How Much Will Medicare Cost Me in 2017?
When calculating the finances you’ll need in retirement, one important question to ask is, “How much will Medicare Cost Me?” Here is a breakdown of the Medicare costs you’ll encounter in 2017.
Some parts of Medicare come with a premium and deductible, and most require coinsurance or a copayment. In addition, all face rising costs from year to year. In this post, we’ll take a look at the Medicare landscape for 2017 to see what your out-of-pocket costs might be.
2017 Medicare Cost of Part A
Medicare Part A, which covers hospitalization, skilled nursing care, some home health services, and hospice, will likely be premium-free as it is for 99% of seniors. This is because the premiums have been pre-paid during the course of your or your spouse’s employment through FICA payroll taxes. If you haven’t worked the requisite 10 years or 40 quarters, you may still purchase Medicare Part A coverage but the premium is steep, up to $413 per month in 2017.
The Part A deductible for 2017 rises to $1316 from $1288 and is a benefit period deductible rather than an annual deductible. This $1316 deductible is paid on admittance to a hospital or acute care facility and covers the first 60 days of care. Once your are out of the hospital for 60 days, a new benefit period begins and a new $1316 deductible would have to be paid. As you can see, it would be possible to pay several deductibles over the course of a year. In addition to the deductible, Medicare Part A requires coinsurance of $329 per day for days 60 to 90 and $658 per day for lifetime reserve days 90 to 150. Under Original Medicare, there is no coverage for days past day 150.
For care in a skilled nursing facility, the coinsurance amount in 2017 rises from $161 to $164.50 for days 21 through 100 in each benefit period.

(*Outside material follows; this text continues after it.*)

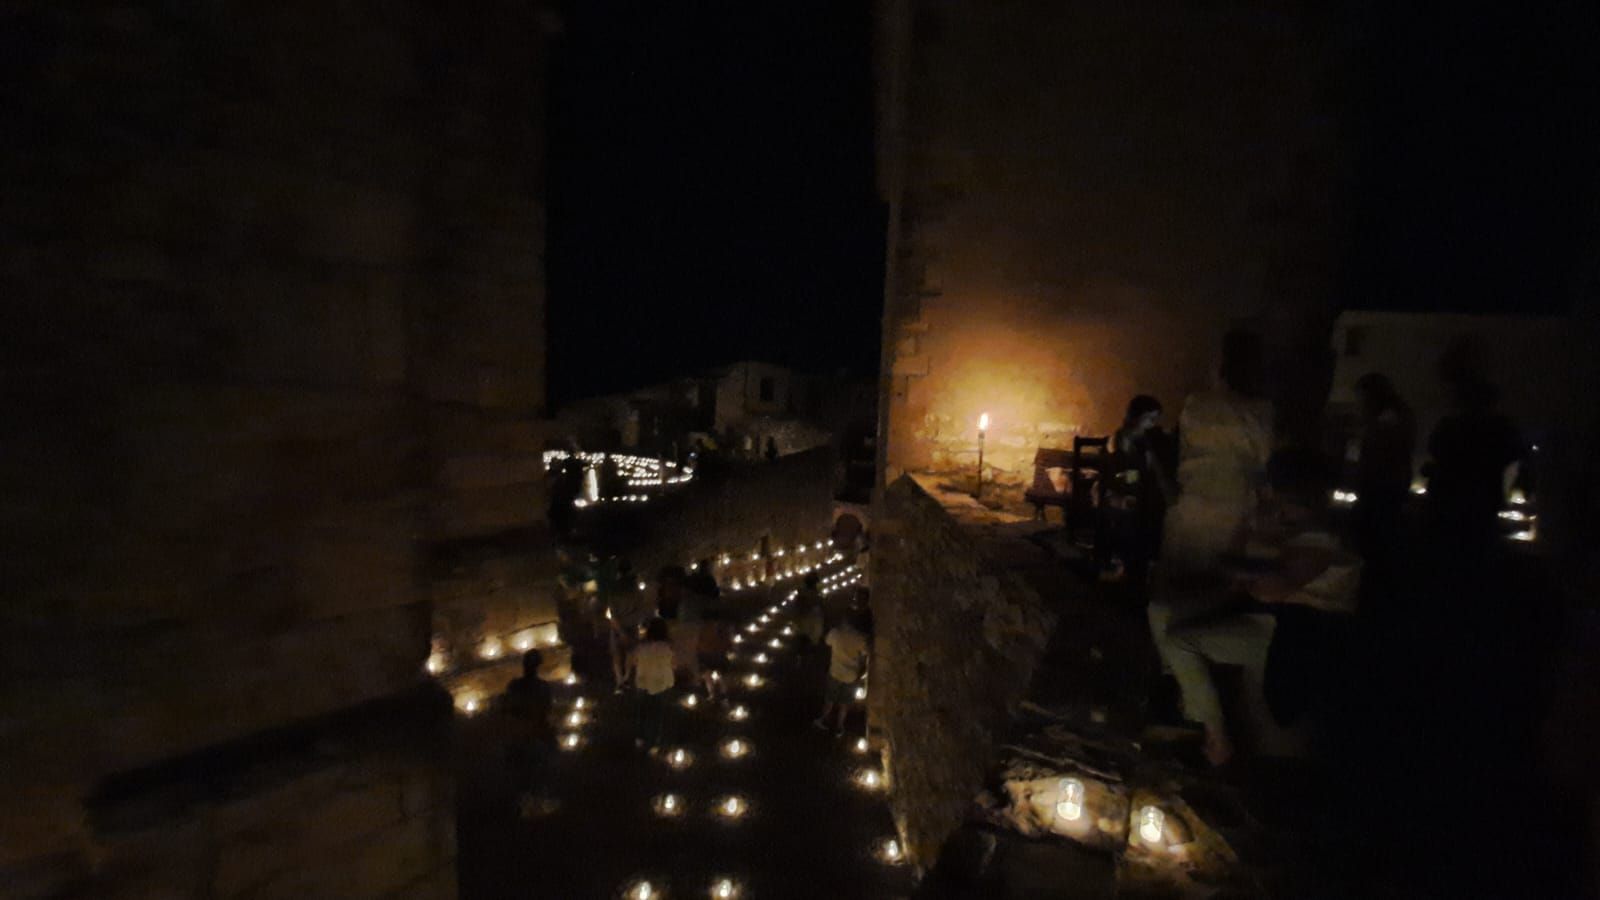 Culla ilumina su casco histórico con 5.500 velas

2017 Medicare Cost of Part B
Medicare Part B, which covers doctors services, outpatient or partial hospitalization, durable medical equipment, and some prescription drugs, comes with a monthly premium. For most people, the monthly premium will increase to $109 in 2017 from the 2016 amount of $104.90.
The adjustment in the Medicare Part B premium is tied to the Social Security Cost of Living Adjustment (COLA) and, by law, may not increase more than the Social Security COLA. The linkage of the premium increase to the COLA protects seniors who are already receiving Social Security benefits. This group of seniors is known as the ‘hold-harmless” group.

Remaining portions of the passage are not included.